About this exercise. For the entries that follow, retype exactly the lines from the one containing "Ecosistemes Digitals Sostenibles" to the one containing "HTop Royal Sun Suites", inclusive, and only those. Images stay out of the copy.

Entries provided.
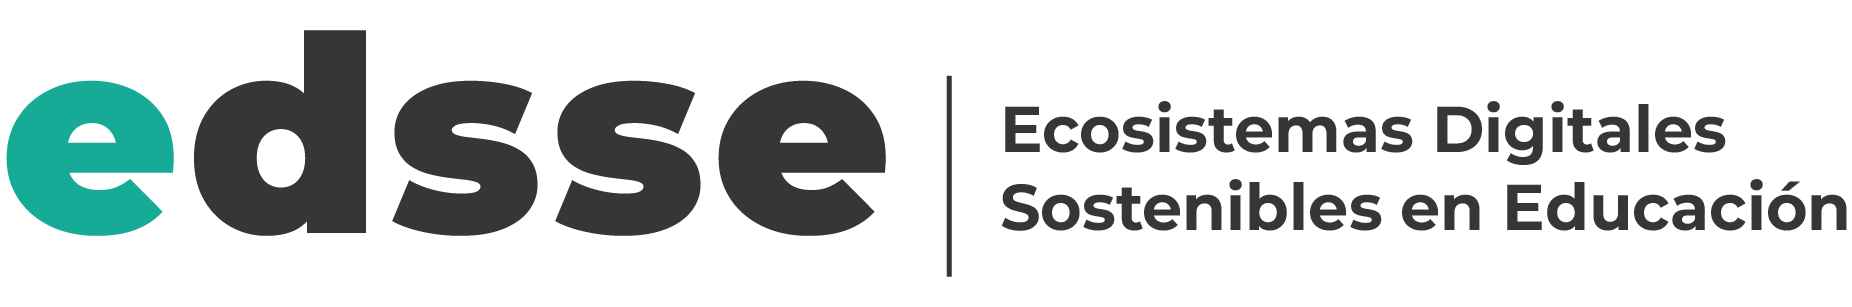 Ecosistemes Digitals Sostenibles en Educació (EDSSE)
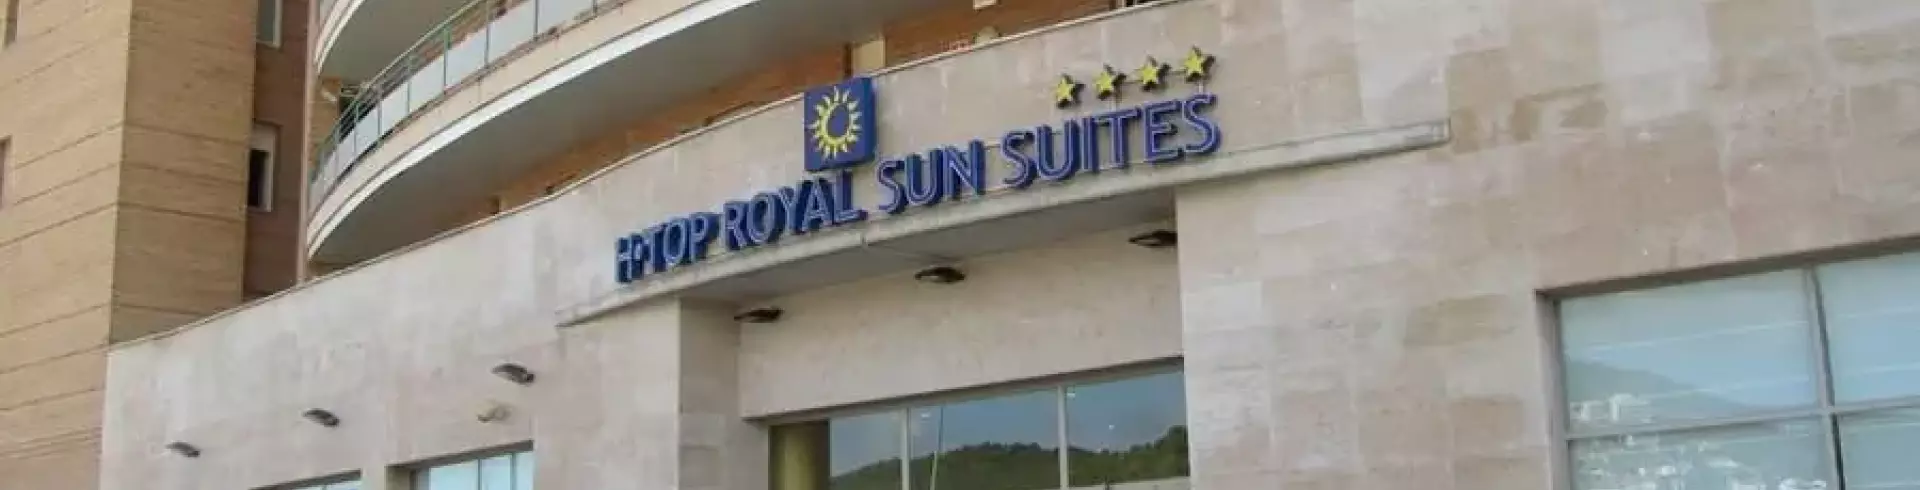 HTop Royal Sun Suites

--

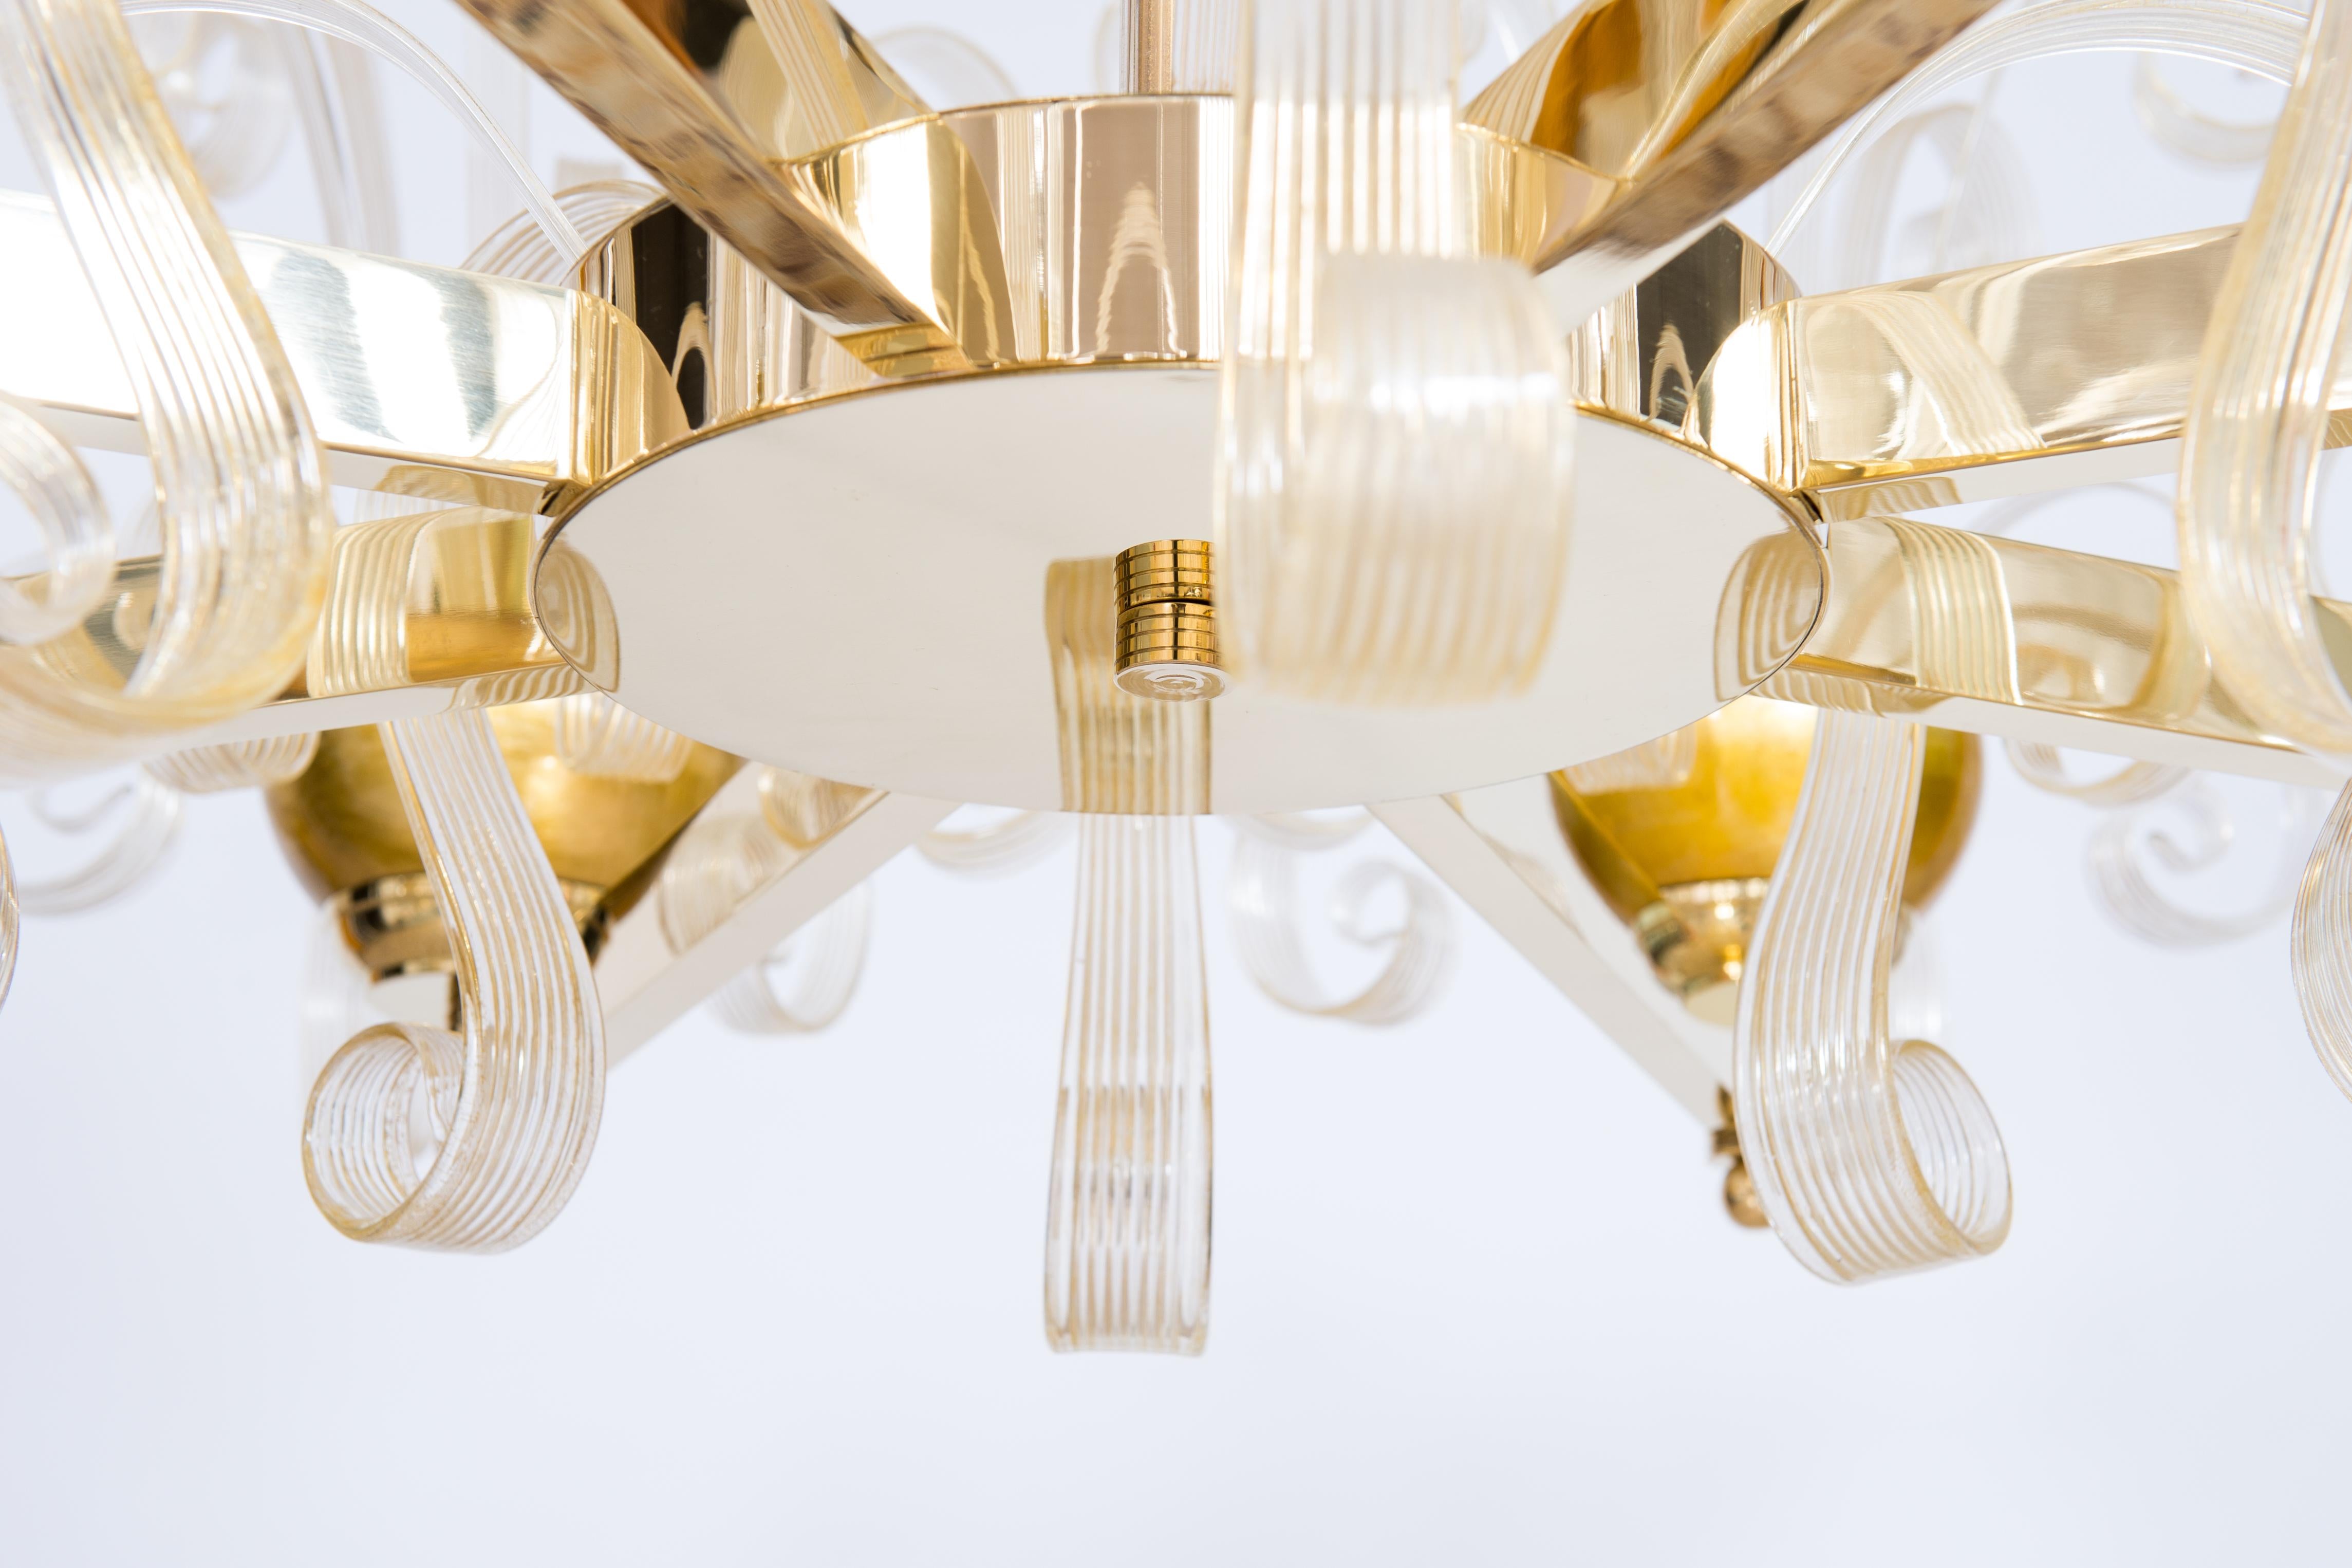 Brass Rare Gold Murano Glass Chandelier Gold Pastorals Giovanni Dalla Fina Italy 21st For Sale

---

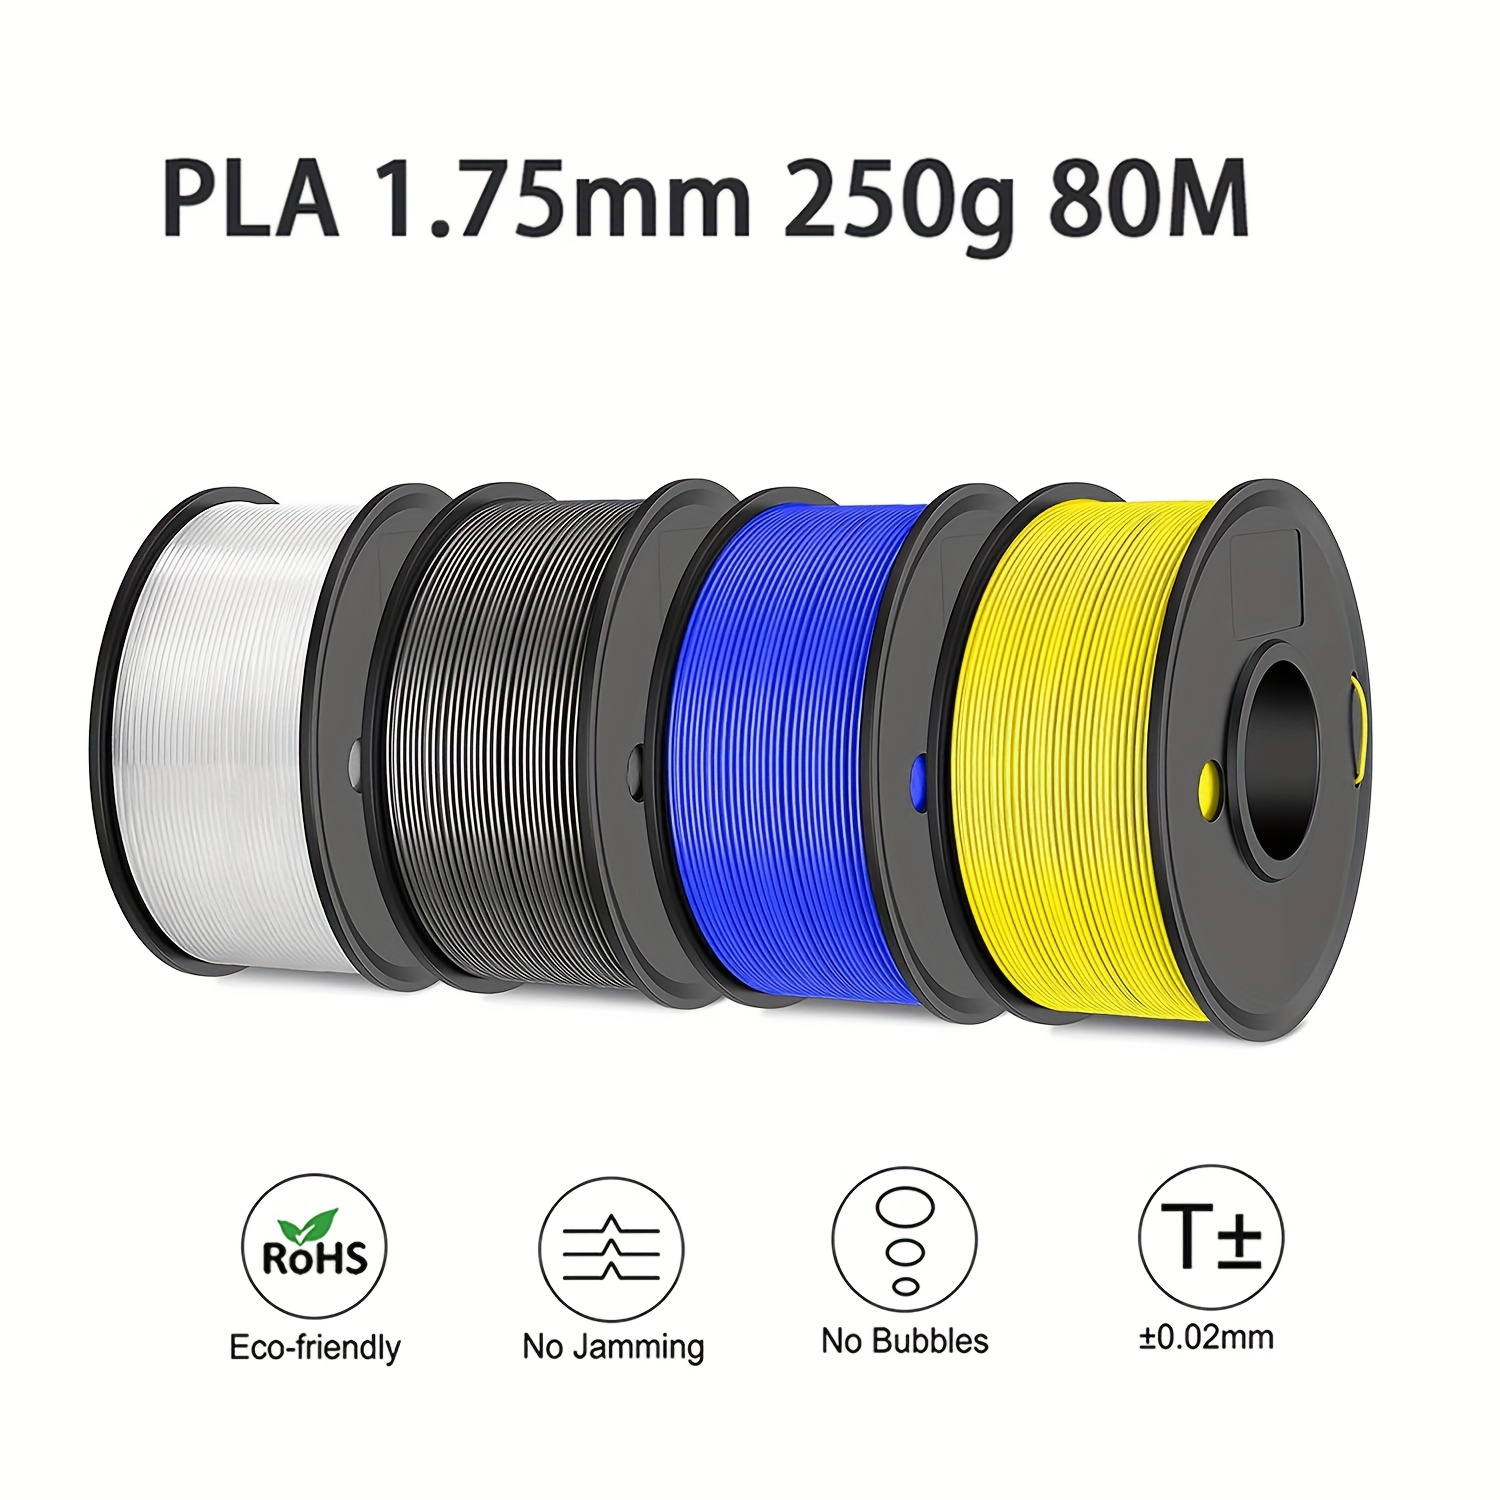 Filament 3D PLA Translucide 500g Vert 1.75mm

Reply.
 Ecosistemes Digitals Sostenibles en Educació (EDSSE)
 HTop Royal Sun Suites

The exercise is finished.